**WHAT YOU NEED TO DO:** No line before the one holding "เสื้อผ้าเกาหลี" is to be copied; that line and all after it, through the end of the listing, are returned exactly, minus pictures.

**GIVEN DATA:**
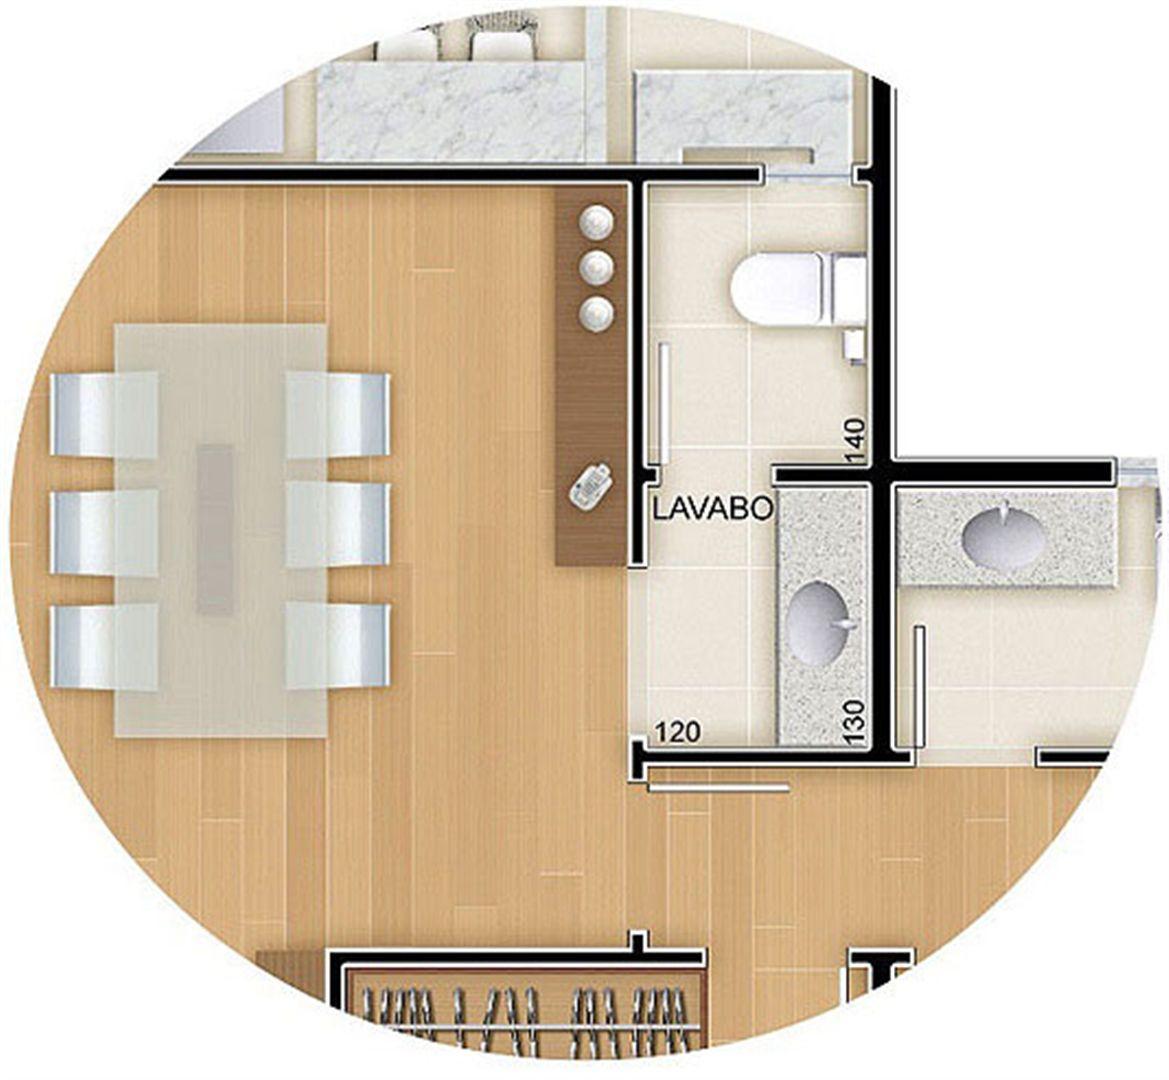 Torres 1 e 4 - 3 Quartos - 96 m² - Planta opção - Lavabo   Reserva Verde Residencial Park – Apartamento em  Laranjeiras - Serra - Espírito Santo
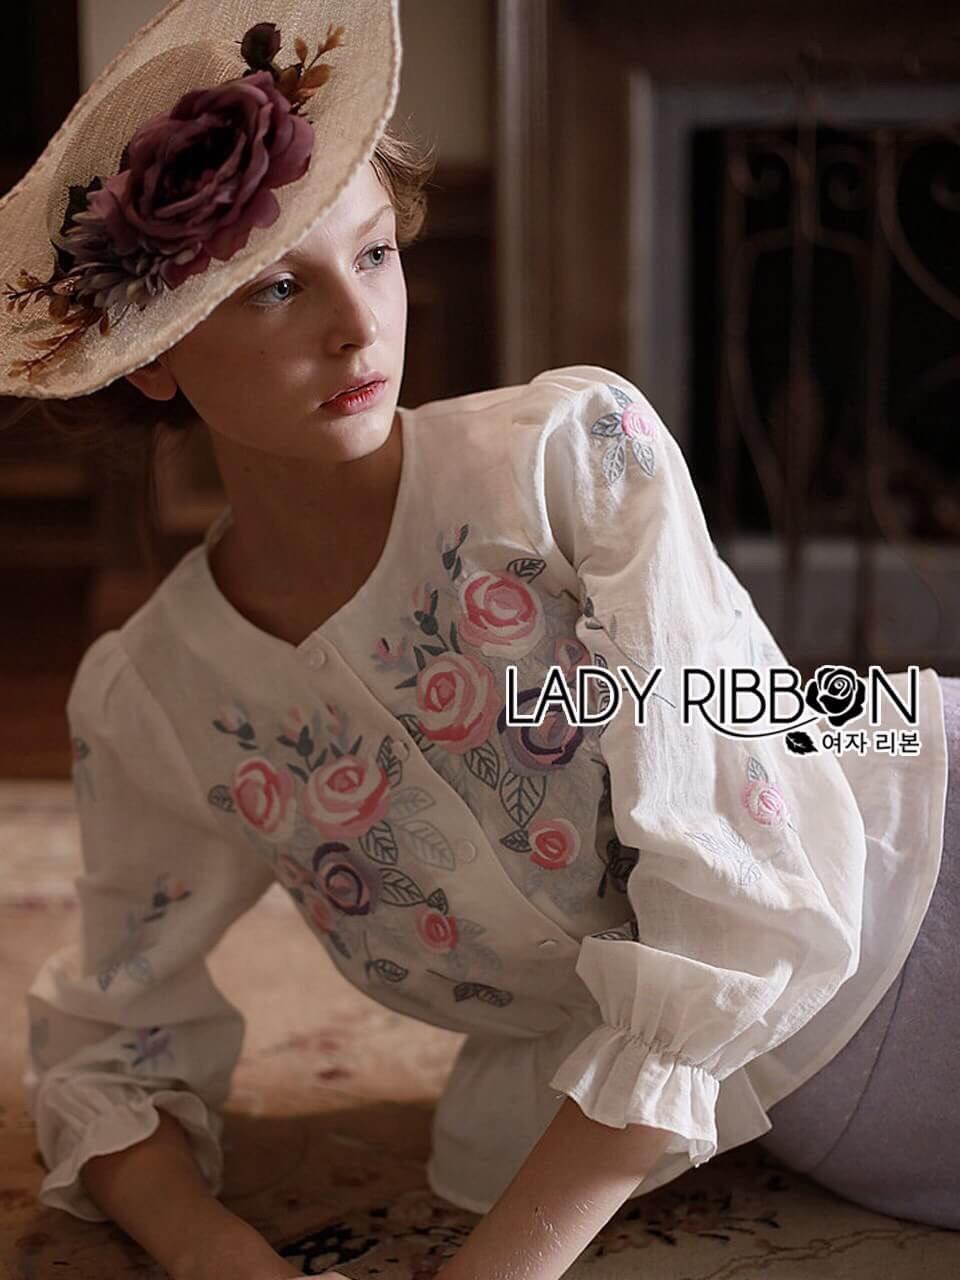 เสื้อผ้าเกาหลี พร้อมส่งเสื้อผ้าคอตตอนปักลายดอกกุหลาบสไตล์วินเทจ
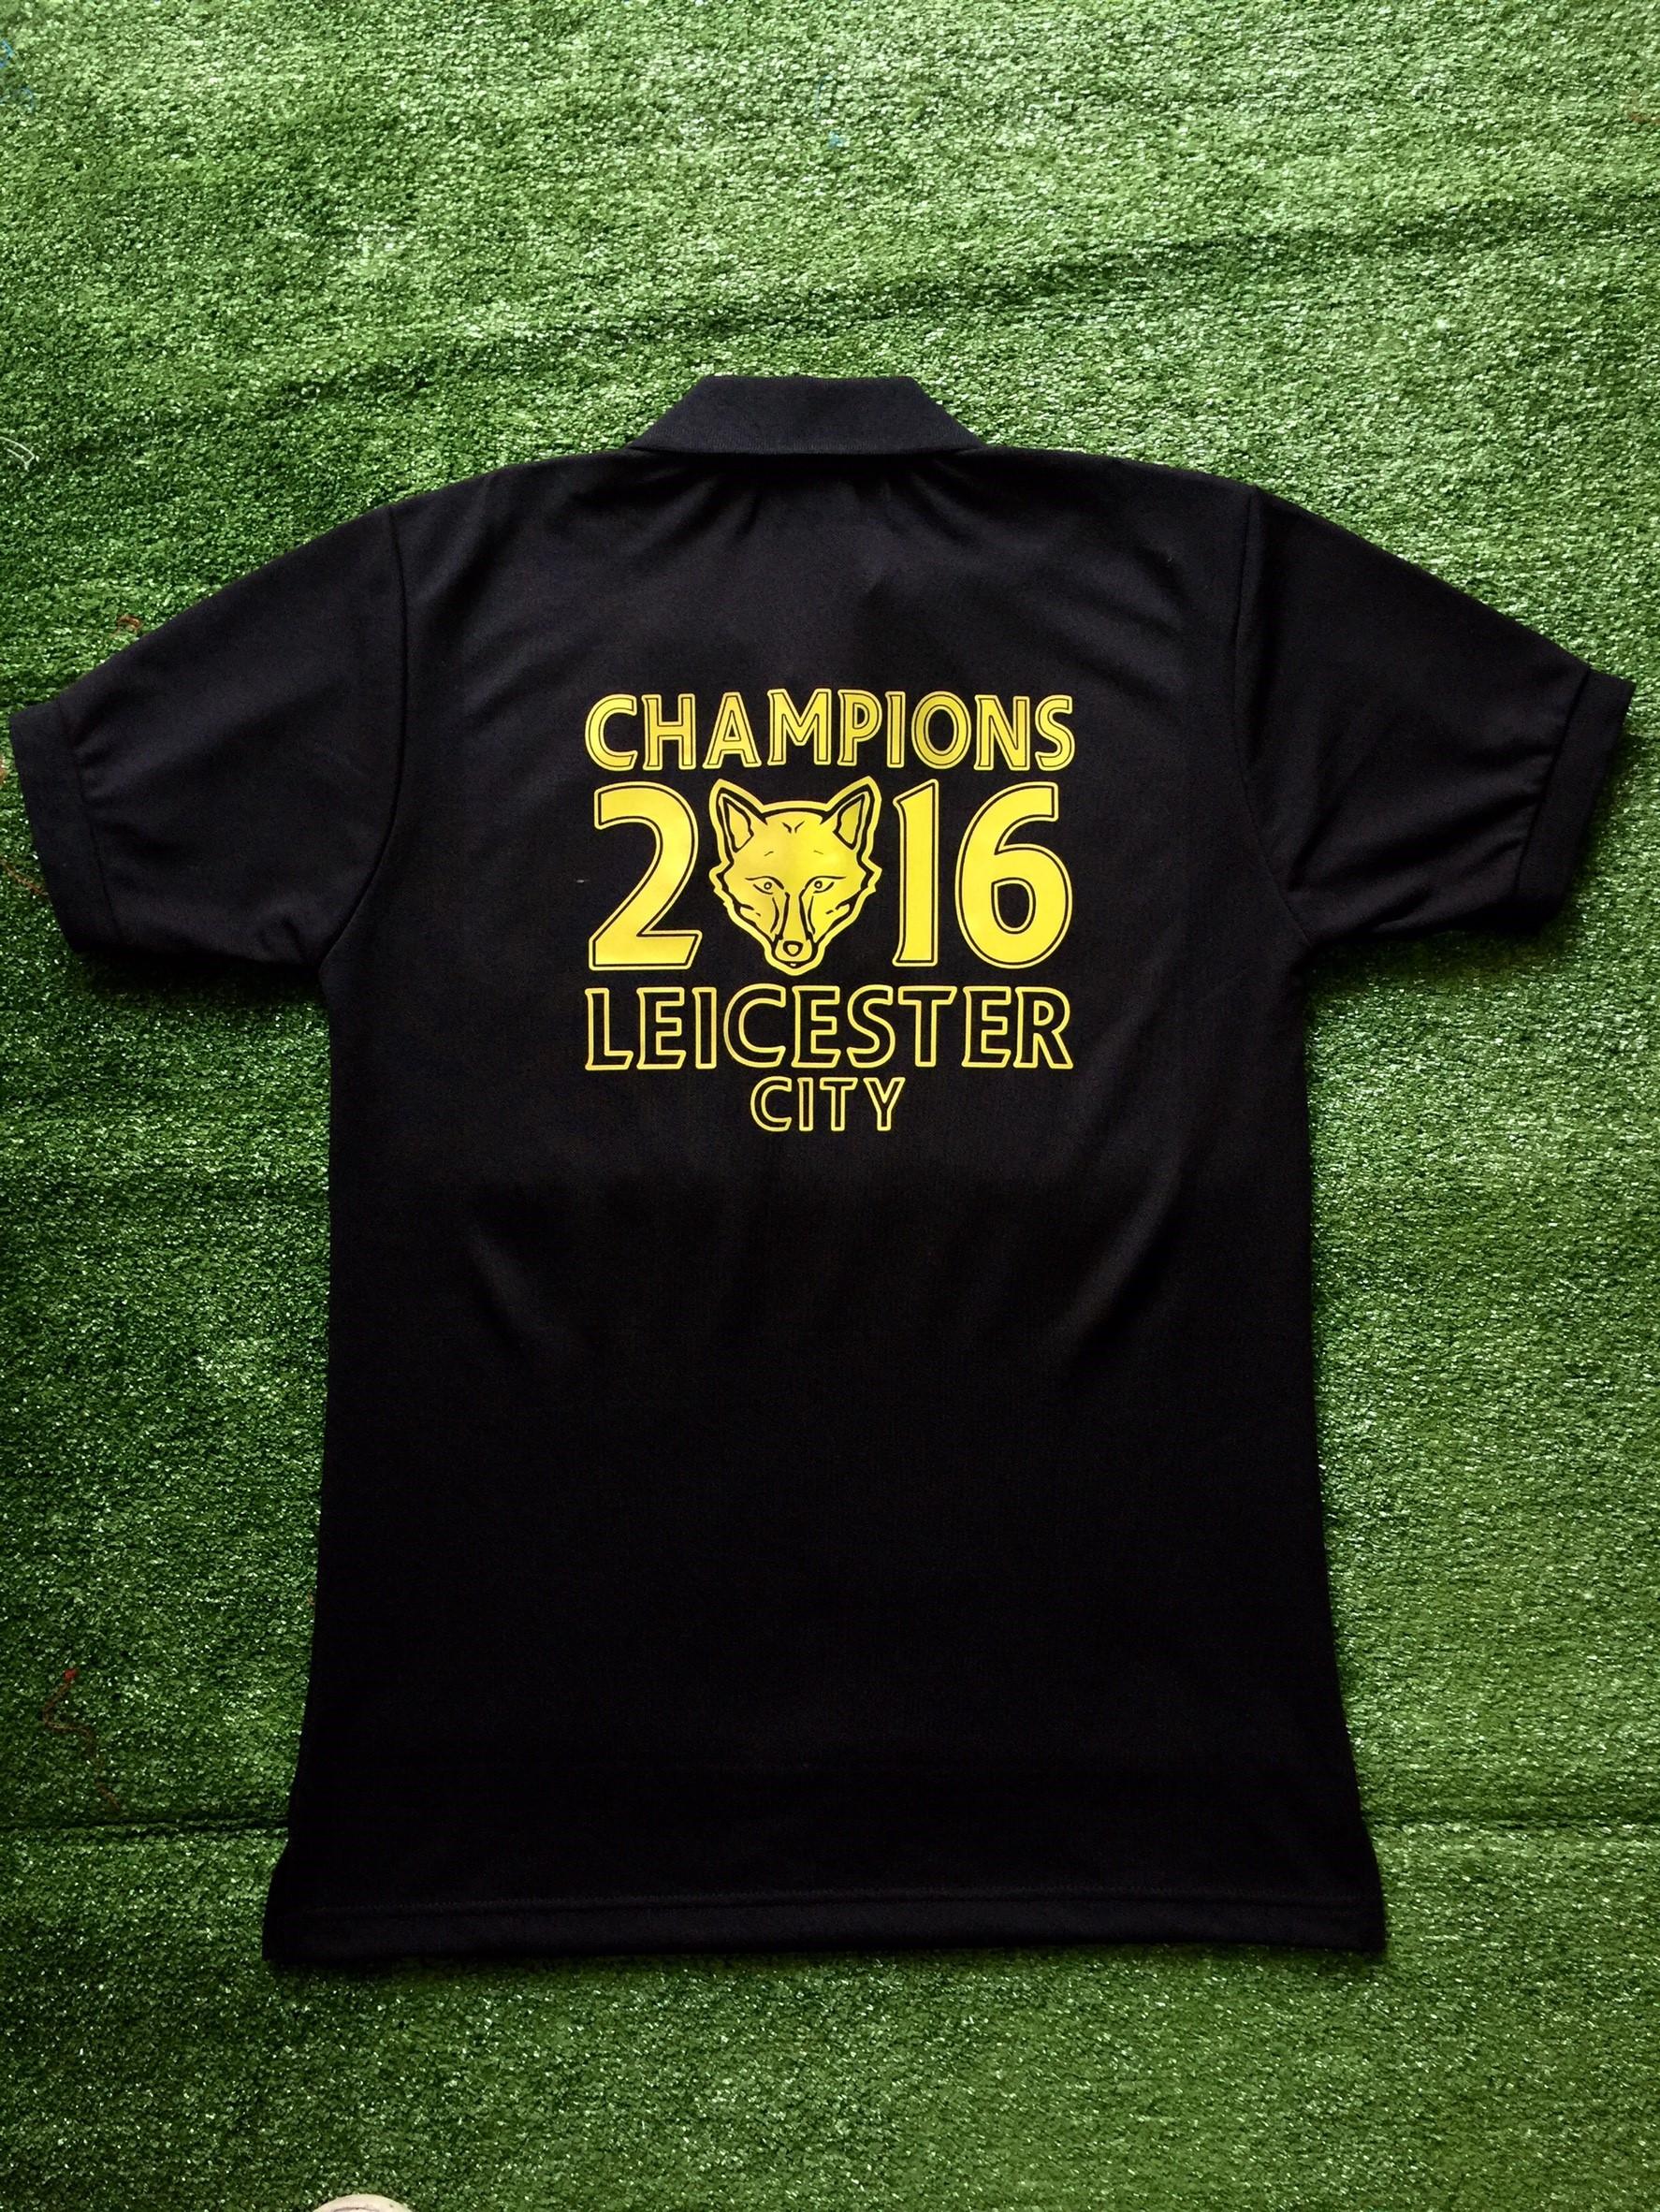 เสื้อโปโล เลสเตอร์ซิตี ลาย จิ้งจอกสยามคว้าแชมป์พรีเมียร์ลีก 2016 สีดำ L9P-2016B

**RESULT BELOW:**
 เสื้อผ้าเกาหลี พร้อมส่งเสื้อผ้าคอตตอนปักลายดอกกุหลาบสไตล์วินเทจ
 เสื้อโปโล เลสเตอร์ซิตี ลาย จิ้งจอกสยามคว้าแชมป์พรีเมียร์ลีก 2016 สีดำ L9P-2016B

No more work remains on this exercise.